The OIG Guidance sets out four areas of Board oversight and review of a compliance function:

  1. Roles of, and relationships between, the organization’s audit, compliance, and legal departments;
  2. Mechanism and process for issue-reporting within an organization;
  3. Approach to identifying regulatory risk; and
  4. Methods of encouraging enterprise-wide accountability for achievement of compliance goals and objectives.

While noting that a corporate compliance function should promote the prevent, detect and remediate of compliance violations, the OIG Guidance goes on to state that an organization’s Chief Compliance Officer (CCO) “should neither be counsel for the provider, nor be subordinate in function or position to counsel or the legal department, in any manner.” Rather, the Board must ensure the CCO and compliance function have resources to fulfill their assigned role within an organization and access to the Board. The Board should evaluate and discuss how management works together to address risk, including the role of each in:

  1. Identifying compliance risks,
  2. Investigating compliance risks and avoiding duplication of effort,
  3. Identifying and implementing appropriate corrective actions and decision-making, and
  4. Communicating between the various functions throughout the process.

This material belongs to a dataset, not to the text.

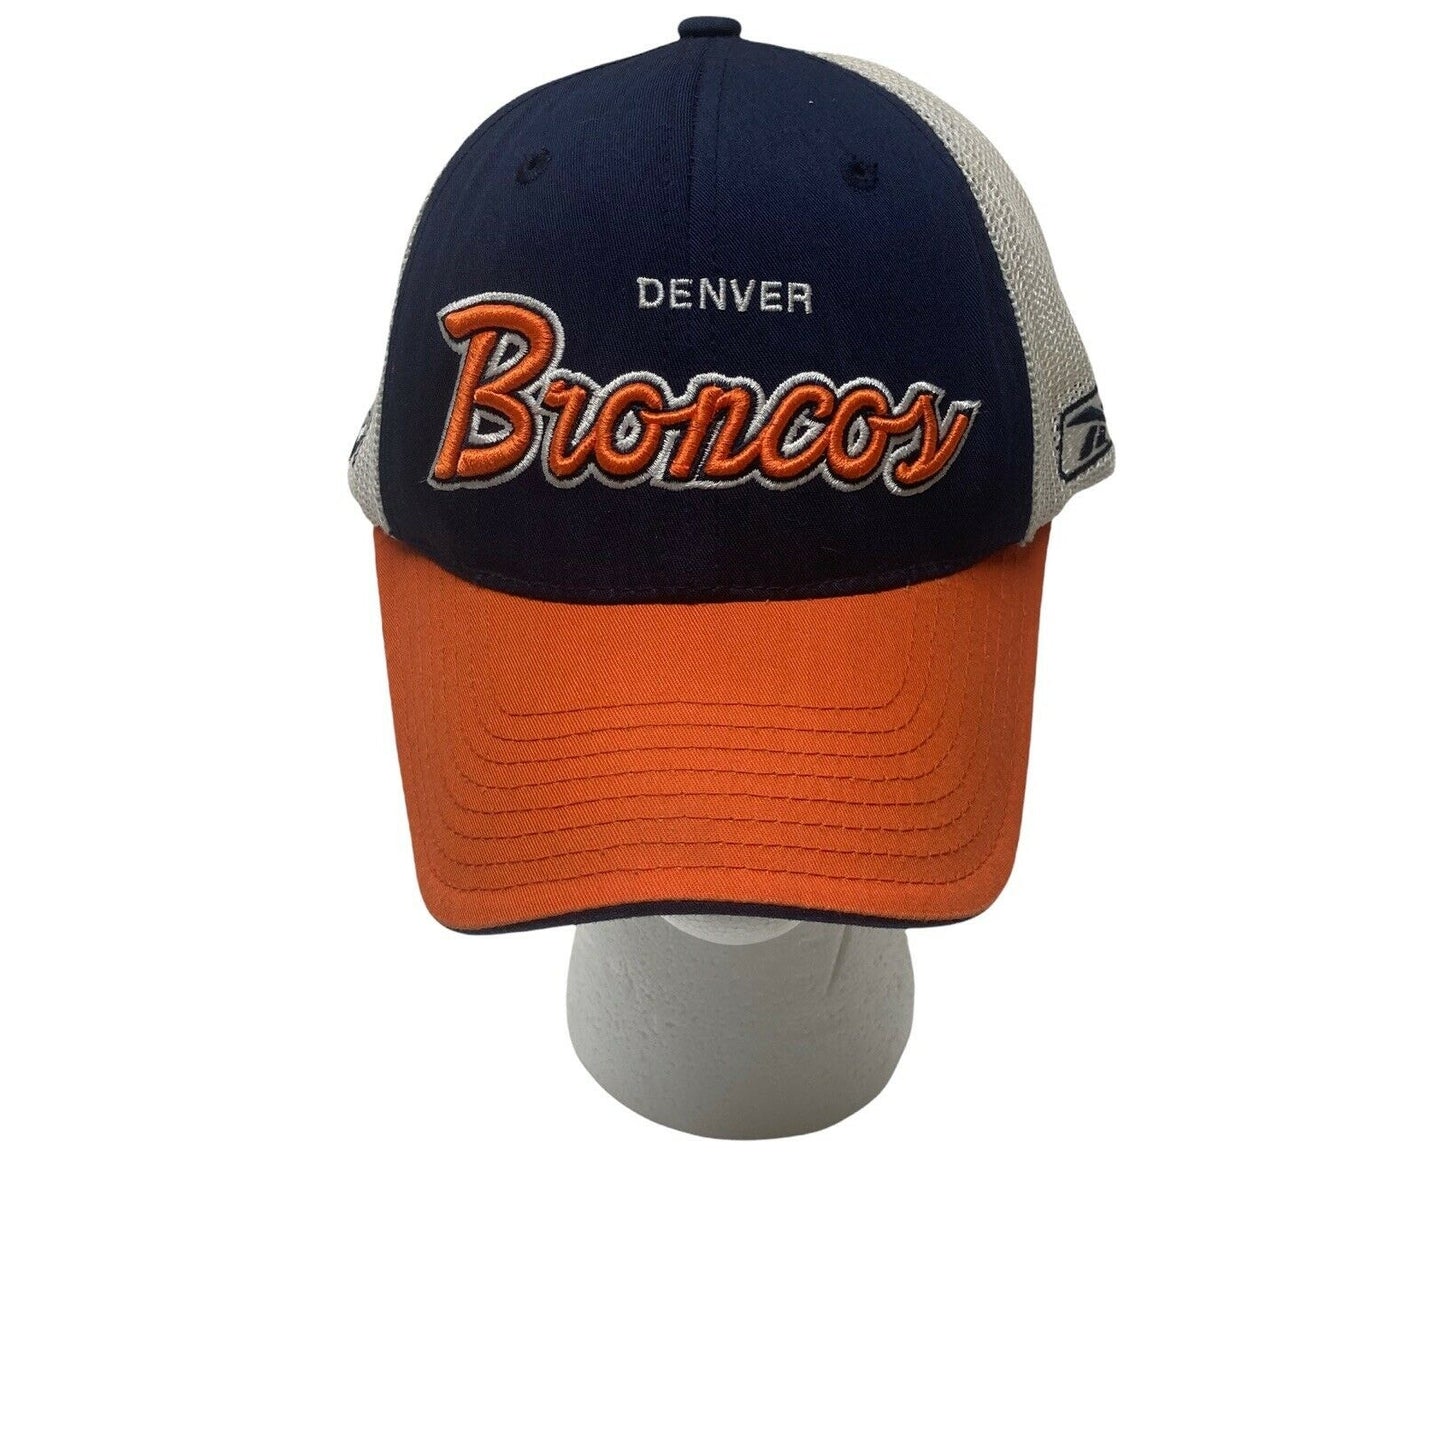 Reebok NFL Denver Broncos Mesh Snapback Vintage Hat Cap Football

A key component of Board oversight is the flow of information. According to the OIG Guidance, the Board should receive regular reports regarding the organization’s risk mitigation and compliance efforts. These reports can come to the Board via a variety of reporting mechanisms; regular Board meetings, special Executive Sessions where the Board meets with the CCO or compliance leadership outside of the presence of senior management and ad hoc communications from the CCO. All of these reports help to create a “continuous expectation of open dialogue” which is paramount for proper Board oversight. Of course, if a serious compliance issue arises, it needs to be communicated directly, and in a timely manner, to the Board.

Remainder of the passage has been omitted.